On 1/18/20 3:21 AM, Rocky Ji wrote:
Hi,

I am asked to highlight rows containing strange characters. All data were
ingested by a proprietary crawler.

By strange, I mean, question marks, boxes, little Christmas Trees,  solid
arrows, etc. kind of symbols; these appear suddenly in flow of normal ASCII
English letters.

How do I approach this?

Thanks.

The first thing that you are going to need to find to do this is how the data has actually been stored. The strange characters you are describing sound like somewhere some data obtained in one character encoding, but then interpreted as another.  This is a very old problem, without a solution in general except to always know the encoding of your data. It goes back to the development of the ASCII character set which is the base for most character sets in use today (another major branch is EBCDIC, but that has its own issues and you tend to know when you need to deal with that).

The A in ASCII is for American, the ASCII character set was designed for American (i.e. english) data, and when it when it was developed, memory and bandwidth were limited and expensive, so you didn't waste them. ASCII was a compact set, using only 7 bits per character, and was fine for english information, with the basic alphabet. It became the base standard because America was a core part in the initial computer development, and had a lot of influence in the initial standards.

While it worked well for American data, it didn't work so well for many other countries, so most other countries adopted their own character set for use in their country, normally based on ASCII as a base, but adding codes to extend the coding to an 8 bit code, keep (at least most of) ASCII as the first 128 values.

To exchange data between character machines, you needed to include what character set the data was in (or you see some funny words due to the mis-match).

Operating systems adopted the concept of Code Pages, which basically defined which of the many standard character sets was to be used, and some transfer formats actually included as part of the header information what character set the data that follows was in.
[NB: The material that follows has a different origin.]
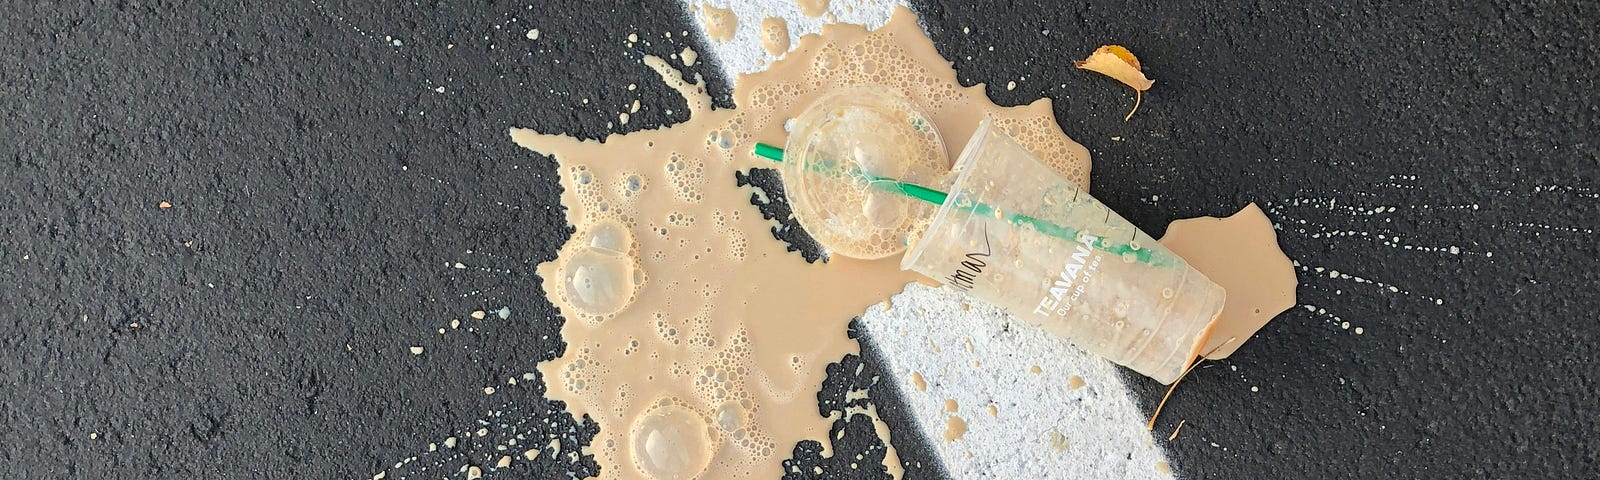 Iced coffee spilled on asphalt

One of these was the web pages that were on the Internet.

Later, to try and get out of this mess, a new character encoding was invented called Unicode, Unicode initially intended to provide a single universal encoding that would let any of the many standard encodings be converted to this universal encoding. It was first thought that this could be done with a 16 bit character set, but it later needed to be enlarged in size as they found out how many different characters there really were. While memory isn't quite as precious as it was when ASCII was designed, it isn't so abundant that we could just increase the size of out data by a factor, so a compact encoding was developed called UTF-8, which represents the ASCII characters exactly as the ASCII character set, and all the extra characters with multiple bytes.
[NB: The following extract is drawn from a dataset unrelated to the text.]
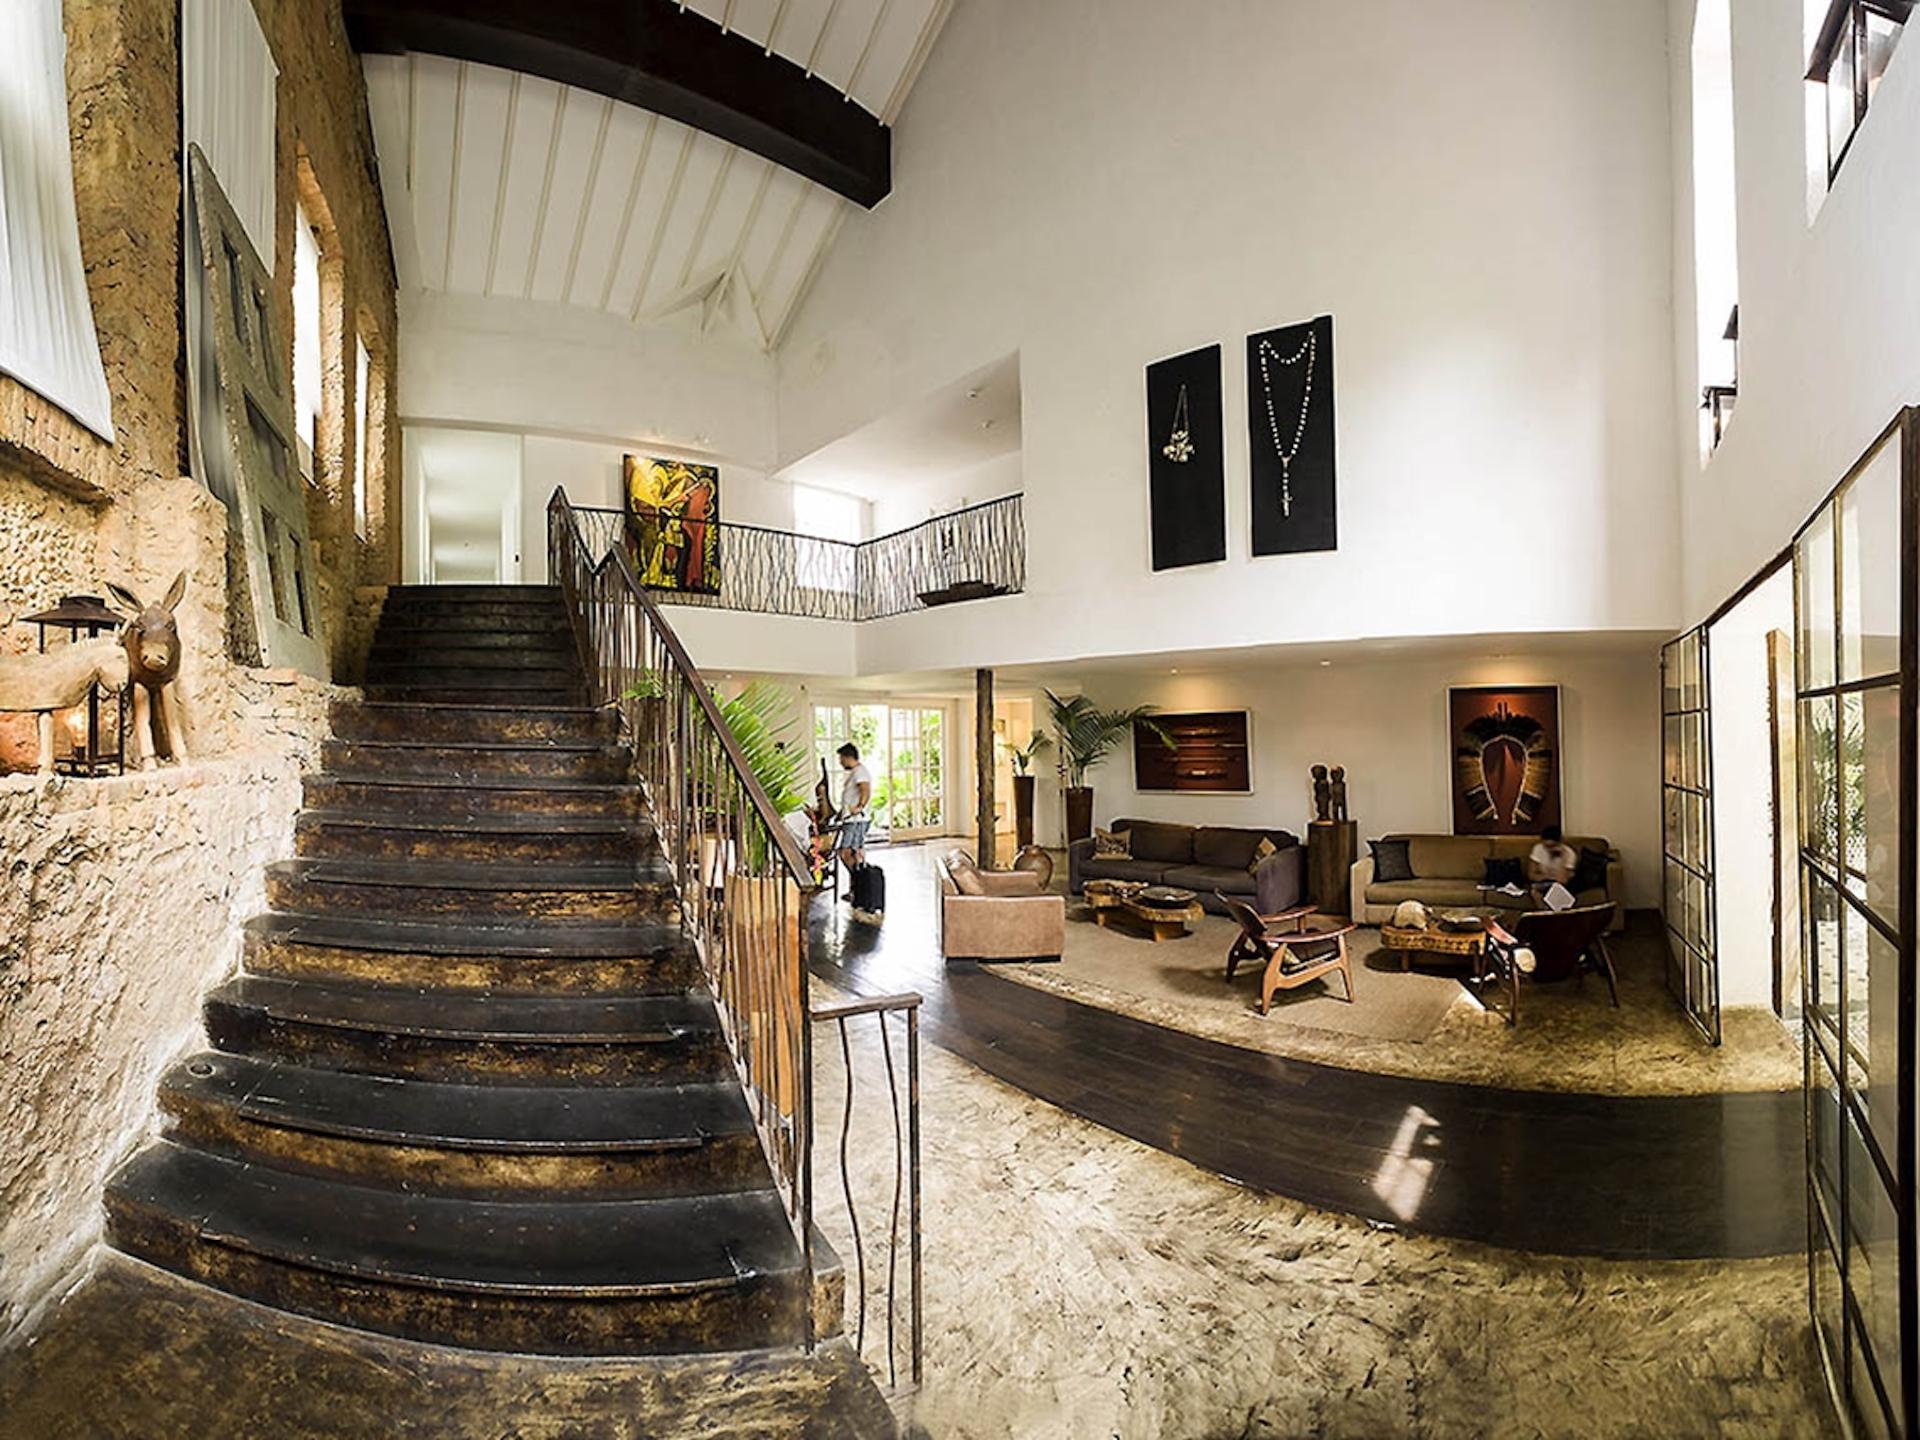 Lobby of Hotel Santa Teresa in Rio de Janeiro, Brazil

Because it did make files with the extra characters longer, and it was somewhat complicated to work with, and most people only worked with documents that could all be encoded in a single character set, its adoption was slow, but it now is becoming a norm, but still many things are in the old legacy encodings.

If you try to interpret a file that is in one of the legacy encodings as Unicode UTF-8, then (if it uses extended characters) it almost certainly will create decoding errors (UTF-8 was intentionally designed with redundancy in the encoding to easy processing, so many 'random' sequences become invalid). If you interpret a file that is in UTF-8 and a legacy encoding, you will tend to get some strange out of place extended characters.

My first guess is that your proprietary crawler either didn't properly detect the page encoding and handle it, ideally it would have converted it to UTF-8, but in might also save the data in the original encoding and saved what that encoding was, or your read out program isn't detecting the character set the data was stored as and processing it right. I believe SQLite assumes that 'TEXT' data is UTF-8 encoded, but other encodings can be declared or data stored as BLOBs.

What likely should happen is someone (maybe you) needs to read out samples of the funny data as a blob, and figure out how the data is actually encoded, ideally comparing it to the original page crawled, and once you know what the problem was, you can perhaps work on fixing it and detecting the records with problems.

One possible issue is that some conversion routines take characters they don't know how to handle and replace them with the ASCII Question Mark, and if that is what has been stored in the database, it may be very hard to distinguish that from an actual question mark in the data.